Exercise objective: Return the full listing unchanged, apart from leaving out its images.

Data segment:
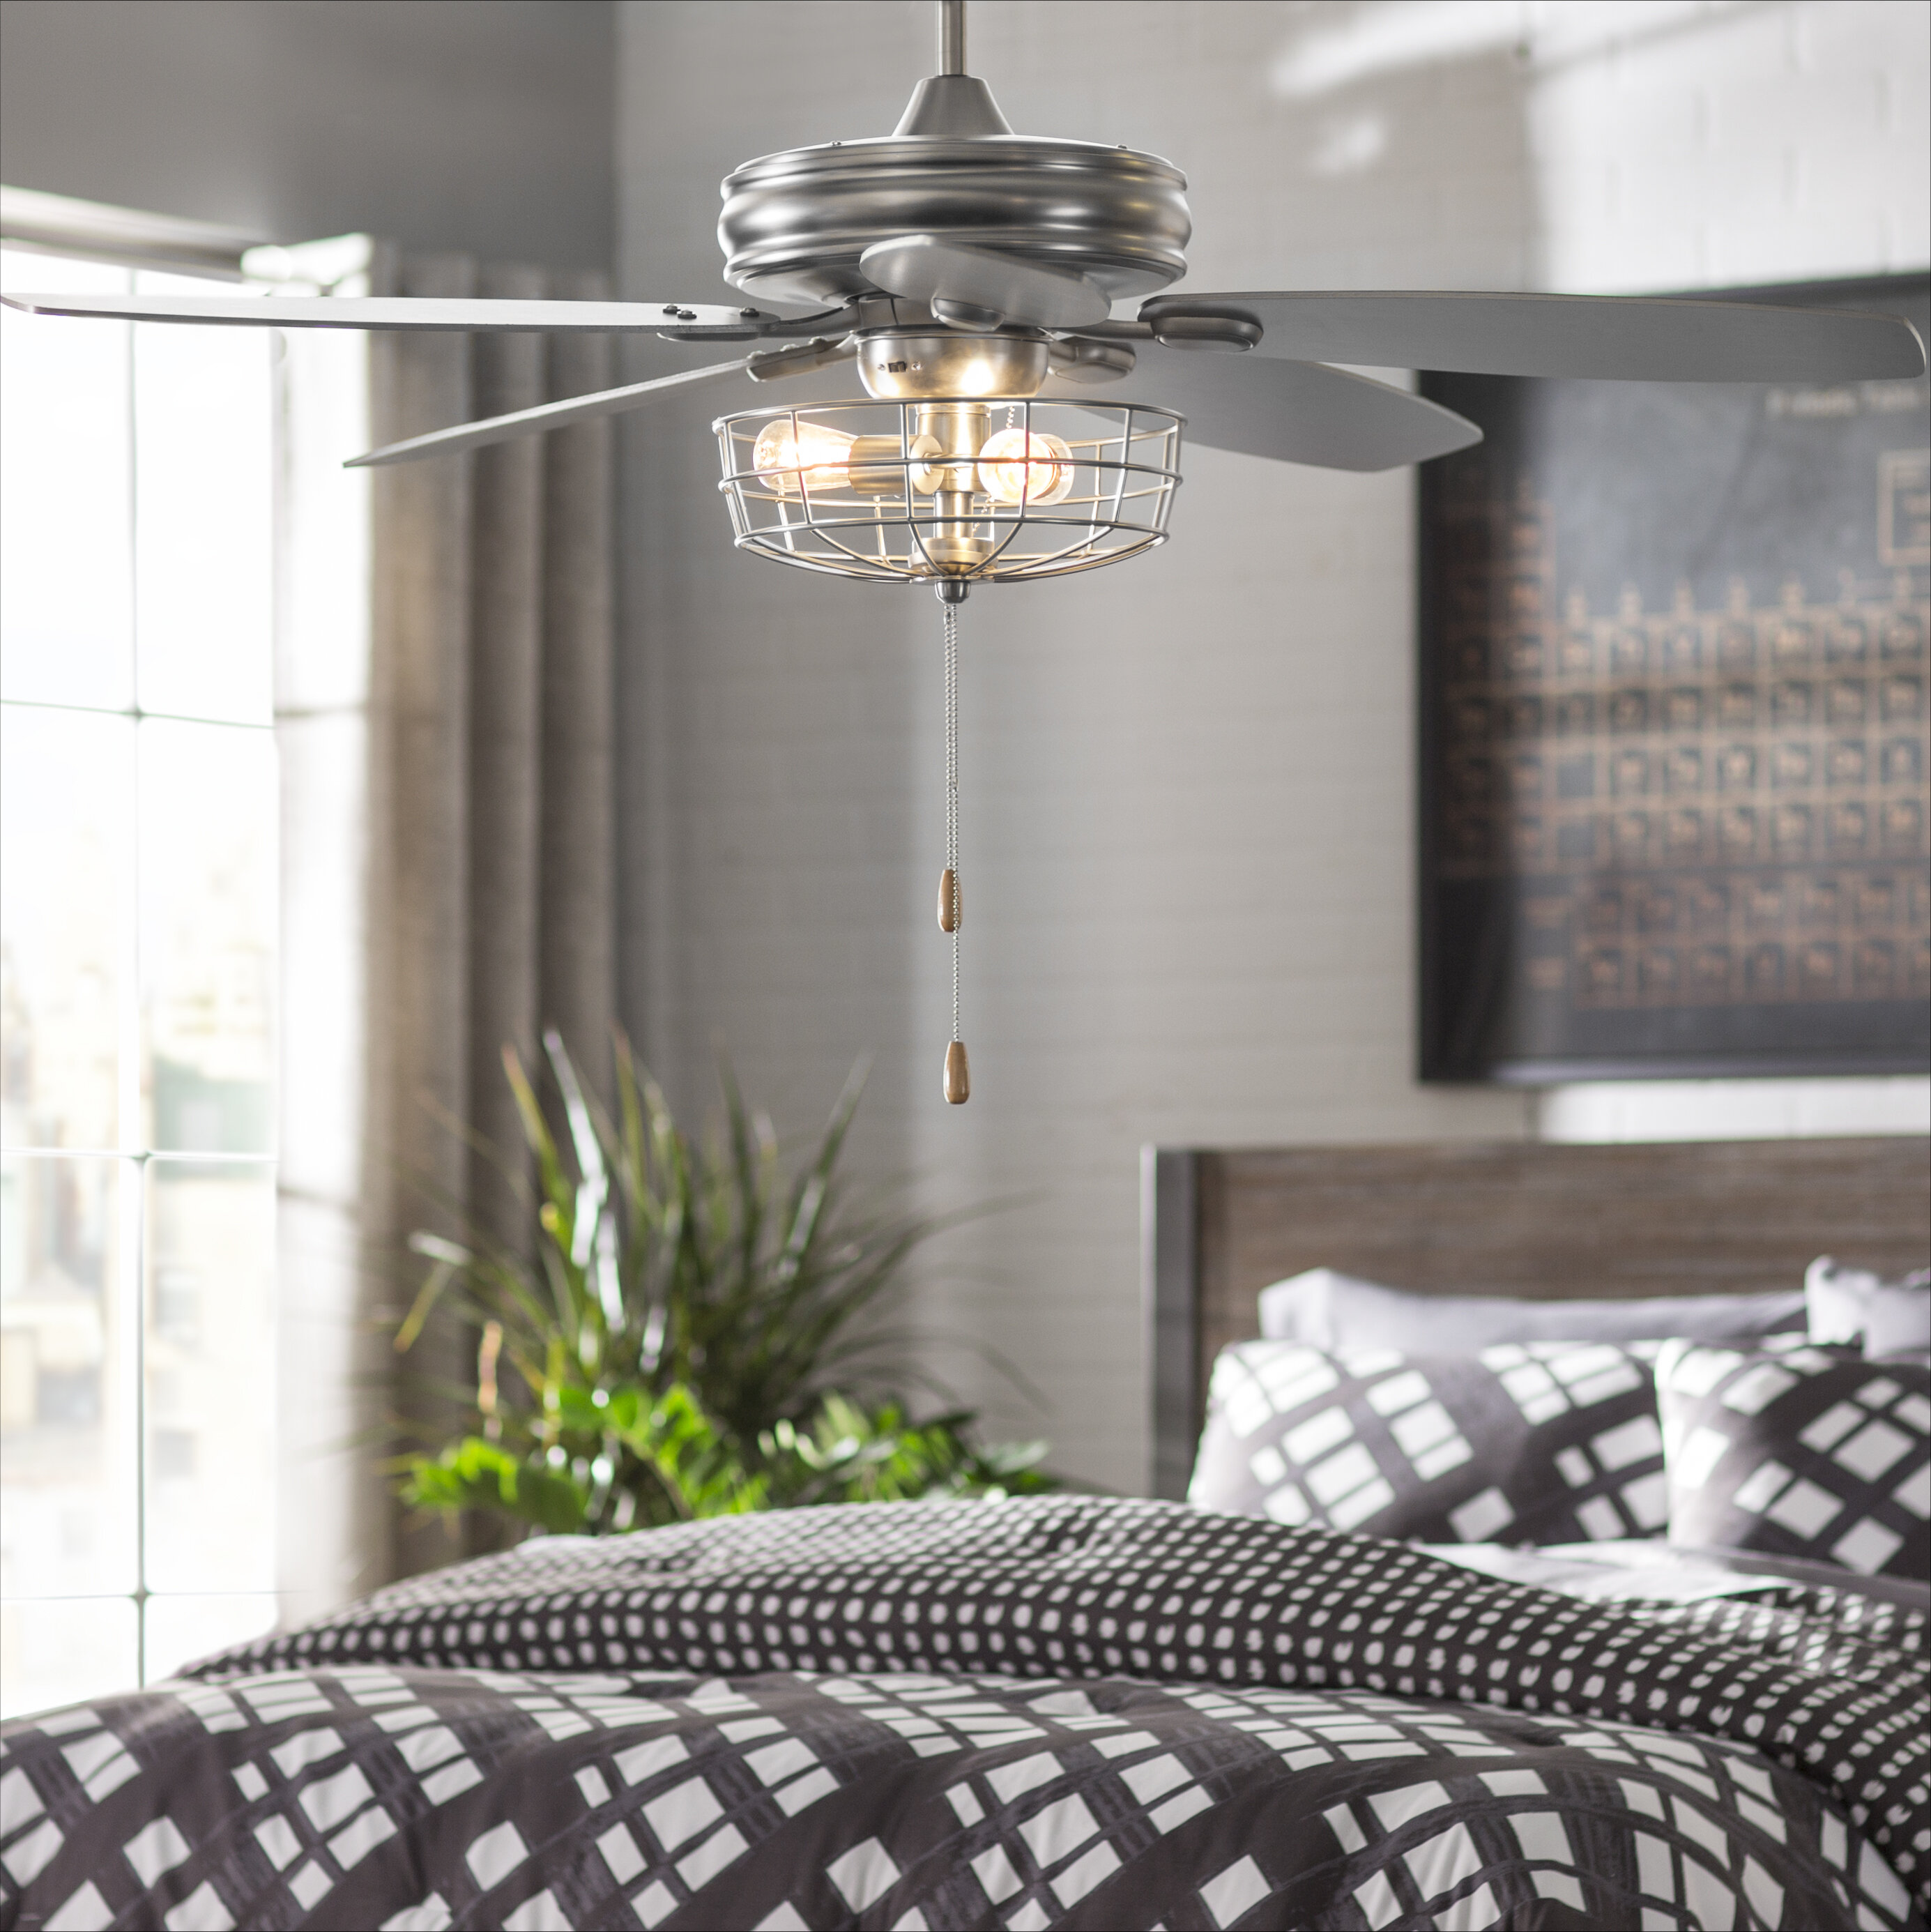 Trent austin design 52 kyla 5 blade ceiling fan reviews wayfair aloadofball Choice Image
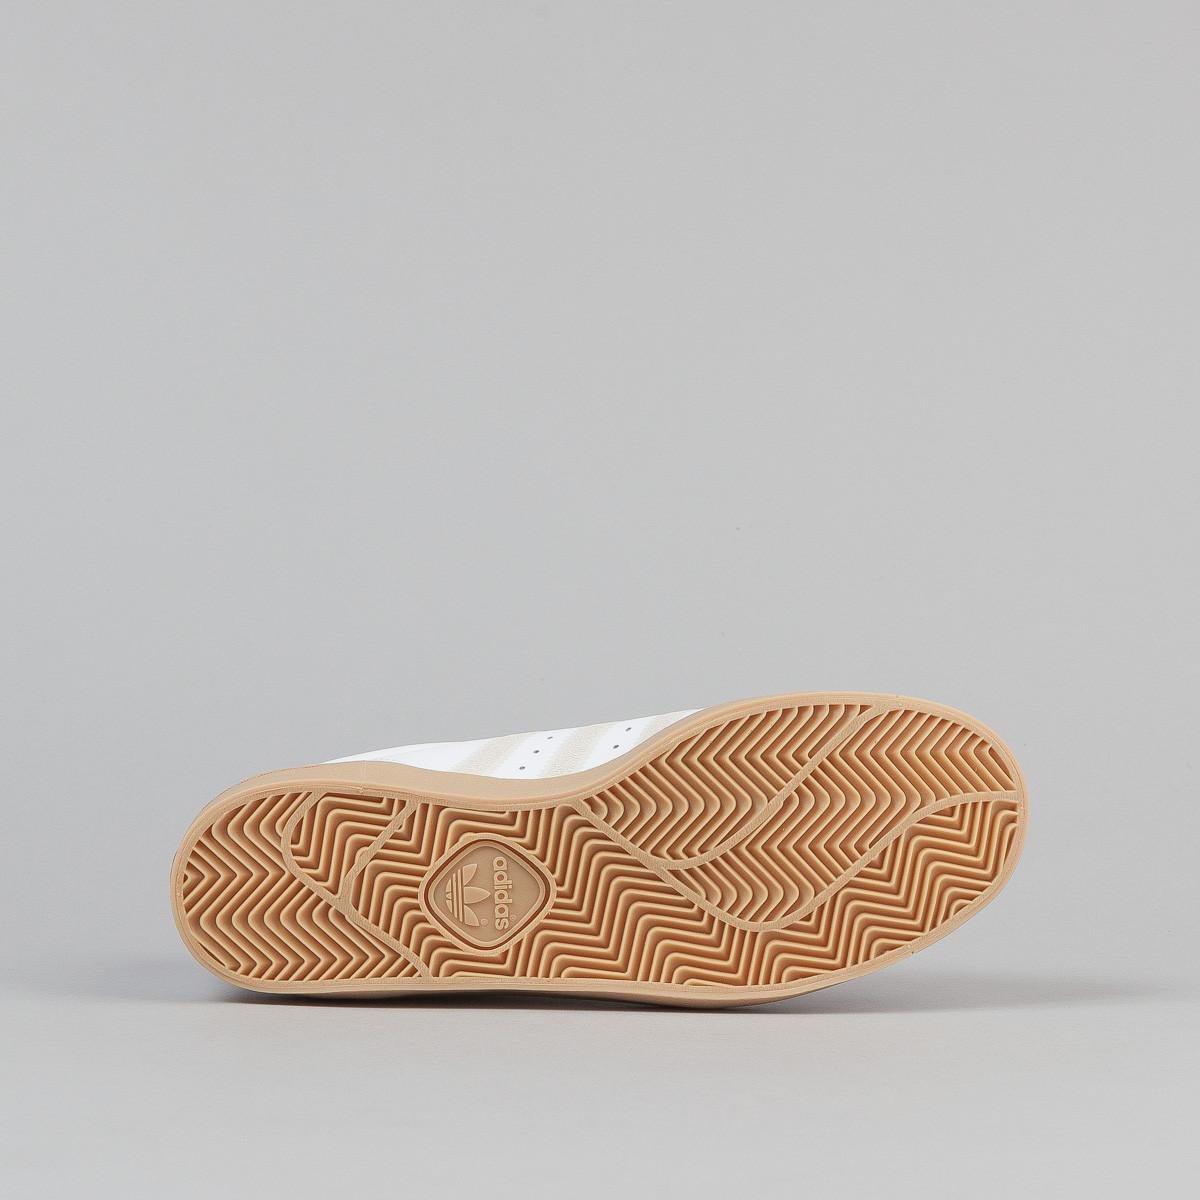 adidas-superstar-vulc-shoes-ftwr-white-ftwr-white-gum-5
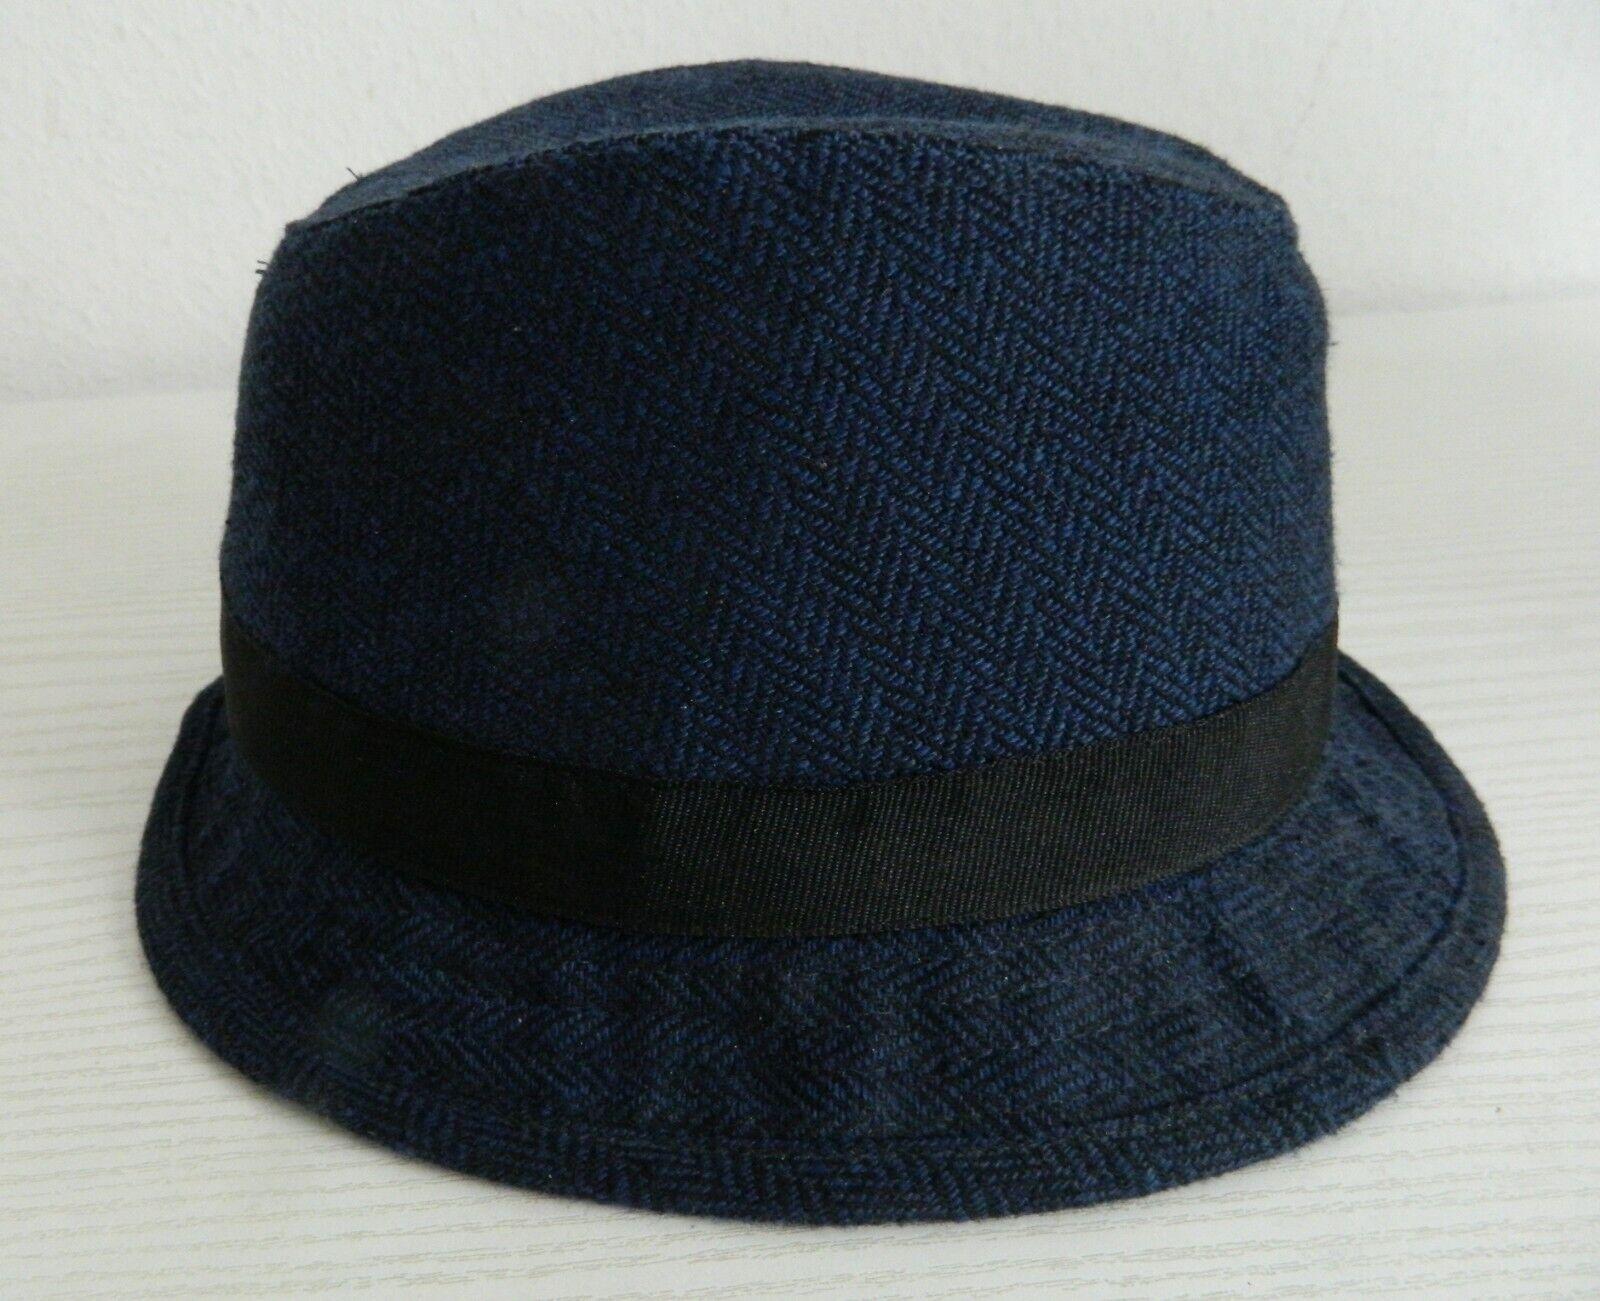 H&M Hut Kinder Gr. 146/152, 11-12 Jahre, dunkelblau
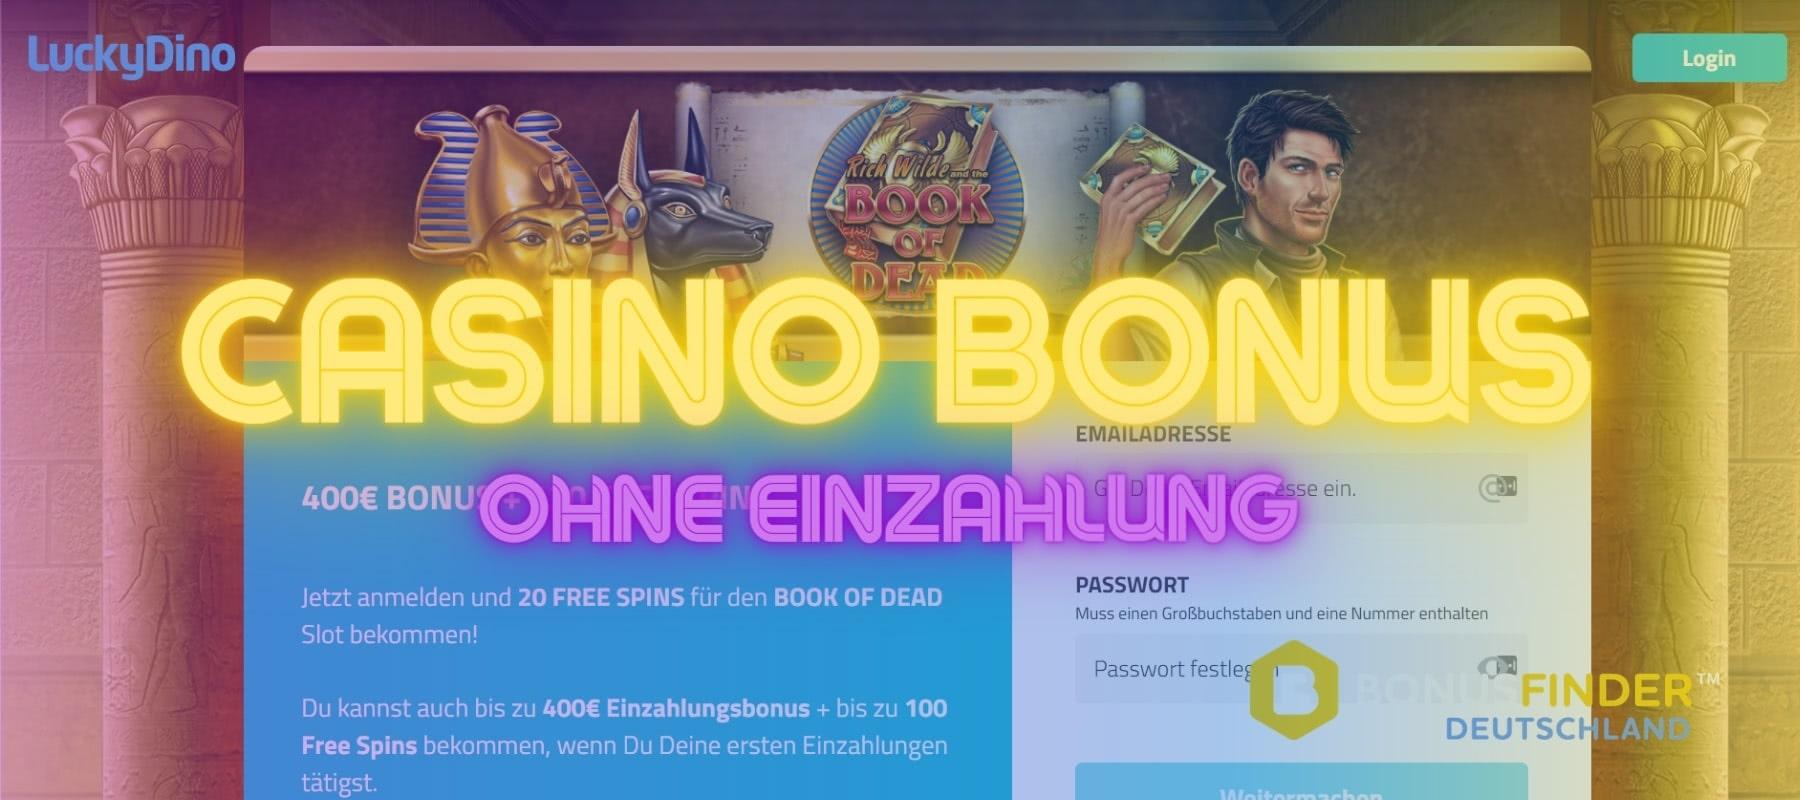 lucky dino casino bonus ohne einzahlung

Task response:
 Trent austin design 52 kyla 5 blade ceiling fan reviews wayfair aloadofball Choice Image
 adidas-superstar-vulc-shoes-ftwr-white-ftwr-white-gum-5
 H&M Hut Kinder Gr. 146/152, 11-12 Jahre, dunkelblau
 lucky dino casino bonus ohne einzahlung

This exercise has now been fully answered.